I would like to say that I made a special effort to get up early on a Sunday morning for this but even for me on a sunny Sunday morning, 9AM is comfortably civilised…
I only vaguely remember the first Doctor, William Hartnell, but grew up with the Patrick Troughton, Jon Pertwee and, to a lesser extent, Tom Baker takes on the role. I guess it would have been midway through the Tom Baker era that I grew up and gave up such childhood tales in favour of adult things like girls and beer…I remember think that the Doctors after Tom Baker’s #4 were quite silly and frivolous and the monsters pale in the face of the Daleks, Autons, Cybermen and Abominable Snowmen…
So now, fifty years on, where are we? The Doctor is now a major exploitable franchise being worked for all it is worth. I was a latecomer to the revitalised Doctor in the mid-2000s…I equated it with my memories of silliness and frivolity and that might never have changed if I hadn’t stopped over with friends on my way back from a trip to the UK and they were watching the finale of the Christopher Ecclestone series and I hooked drawn back into the world of the Doctor. I still haven’t seen any of that series bar the finale but loved the David Tennant era with companions Rose, Martha and Donna. I thought that that era ended well but have been unimpressed totally with the much more commercially-exploited Matt Smith era where the fez, fish fingers and custard, and the whole Amy Pond thing just left me cold – mercifully the BBC resisted the temptation to thrash the Pond thing any further in the 50th Anniversary special, The Day of the Doctor, that screened globally this morning…
If you haven’t seen it yet, you may not wish to read past this point…you have been warned…
There were too many cutesy distractions in this 75 minute special…although the multiple Doctor thing has been done before, there was no real sense of drama of impending threat in this story and what there might have been was continually eroded away by the Morecombe and Wise style of repartee between the Tennant and Smith Doctors: if the intention was to play the 50th for laughs, then the story should have reflected this…
The Zygons were never amongst the great or scariest of Doctor Who aliens…barely Second XI, if that…what value they added to this story is tenuous at best and resolution of this part of the plot really only seemed like a loose vehicle to enable the Tennant and Smith Doctors to work off each other. Take the Zygons out of the story, and you essentially have…the same story, just shorter – I’d be keen to see a Zygon-less bootleg version of The Day of the Doctor…

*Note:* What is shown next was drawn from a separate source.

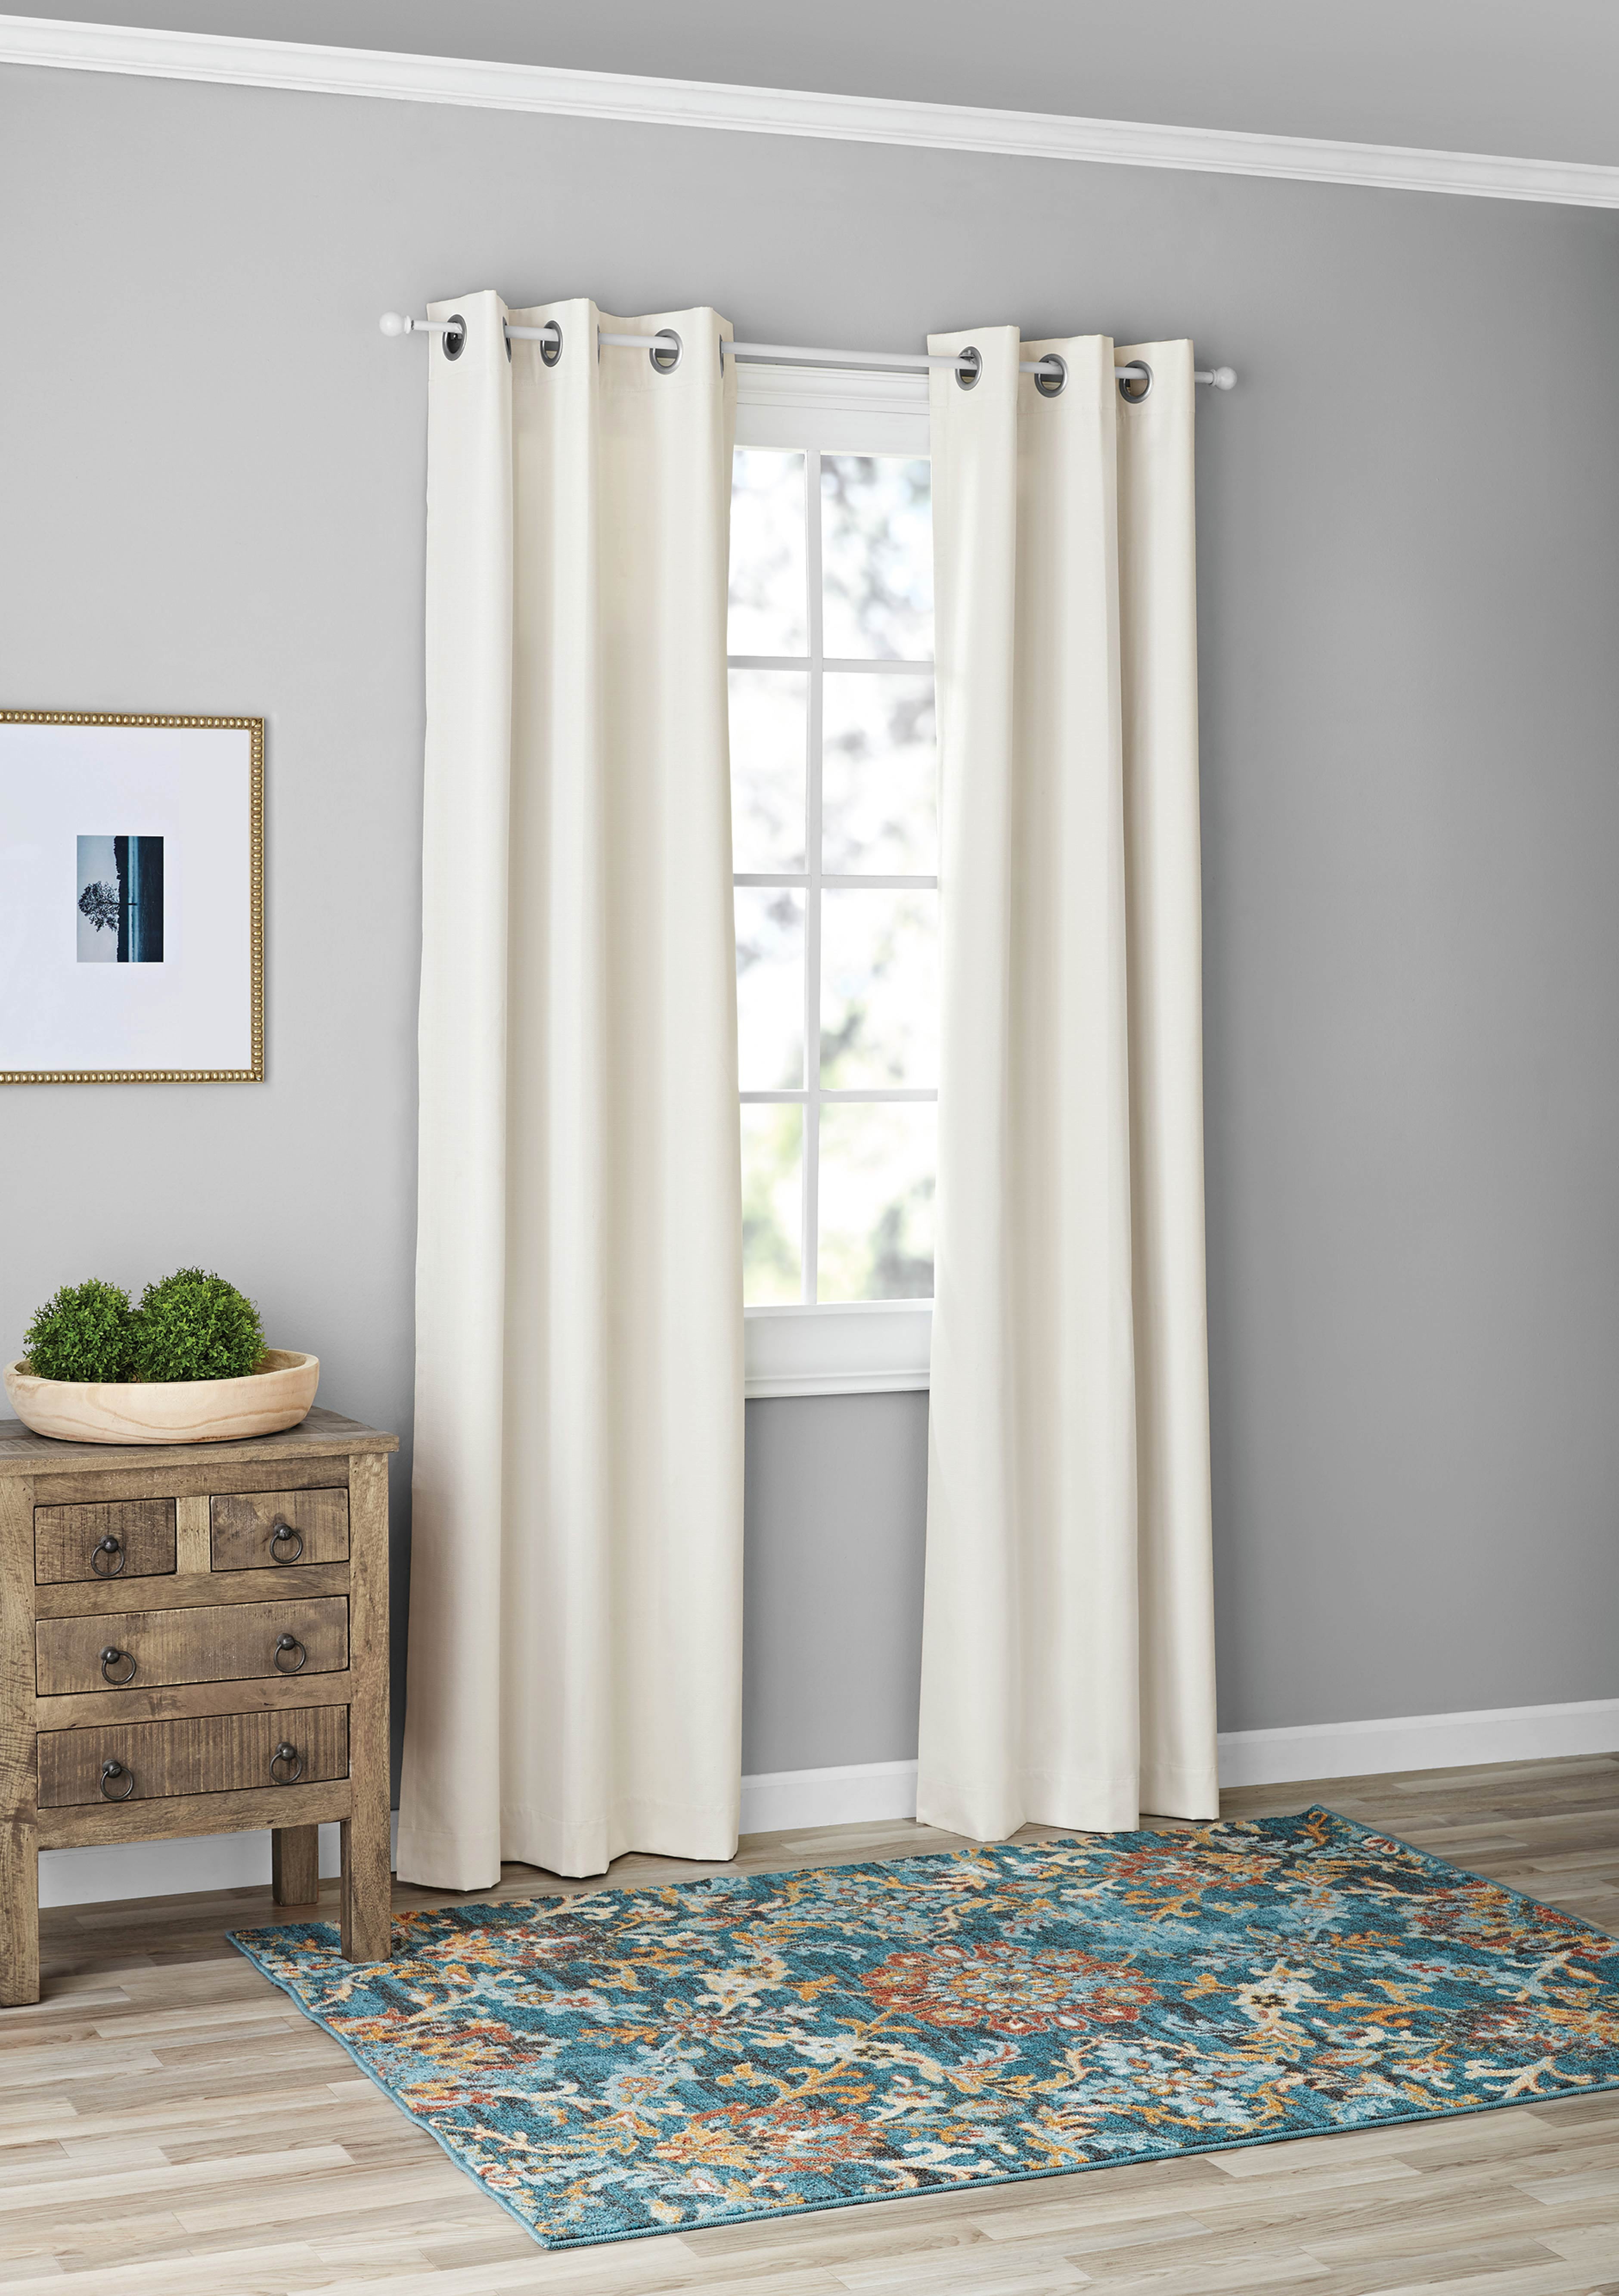 Mainstays Blackout Curtains, Set of 2, 37" x 84", White

The time wasted on the Zygons could have been employed much more effectively to further develop the thirteen Doctor concept and the ultimate destruction of Gallifrey – an apparently pivotal event that the Smith Doctor regularly angsts about – we seem to have forgotten that the Tennant Doctor committed genocide on a universal level against the Daleks in his final series and that this has never been mentioned since. That may be because the Daleks have become like British Paints and ‘keep on keepin’ on‘ and so never did quite get genocided…
One of the things that I liked about the Tennant series was that it was all about hope, where the Smith era has been characterised by alternate frivolity and angst. It is revealed this morning that it was the (John) Hurt Doctor that pushed the button on Gallifrey as the only way to end the war between the Time Lords and the Daleks. Hurt’s depiction of the dilemma of sacrificing to few to save the many is very well done and if maintained, would have made this special an epic…unfortunate the writers succumbed to contemporary niceness and introduce an unlikely hope-based solution in which everyone (less the Daleks) gets to live happily ever after…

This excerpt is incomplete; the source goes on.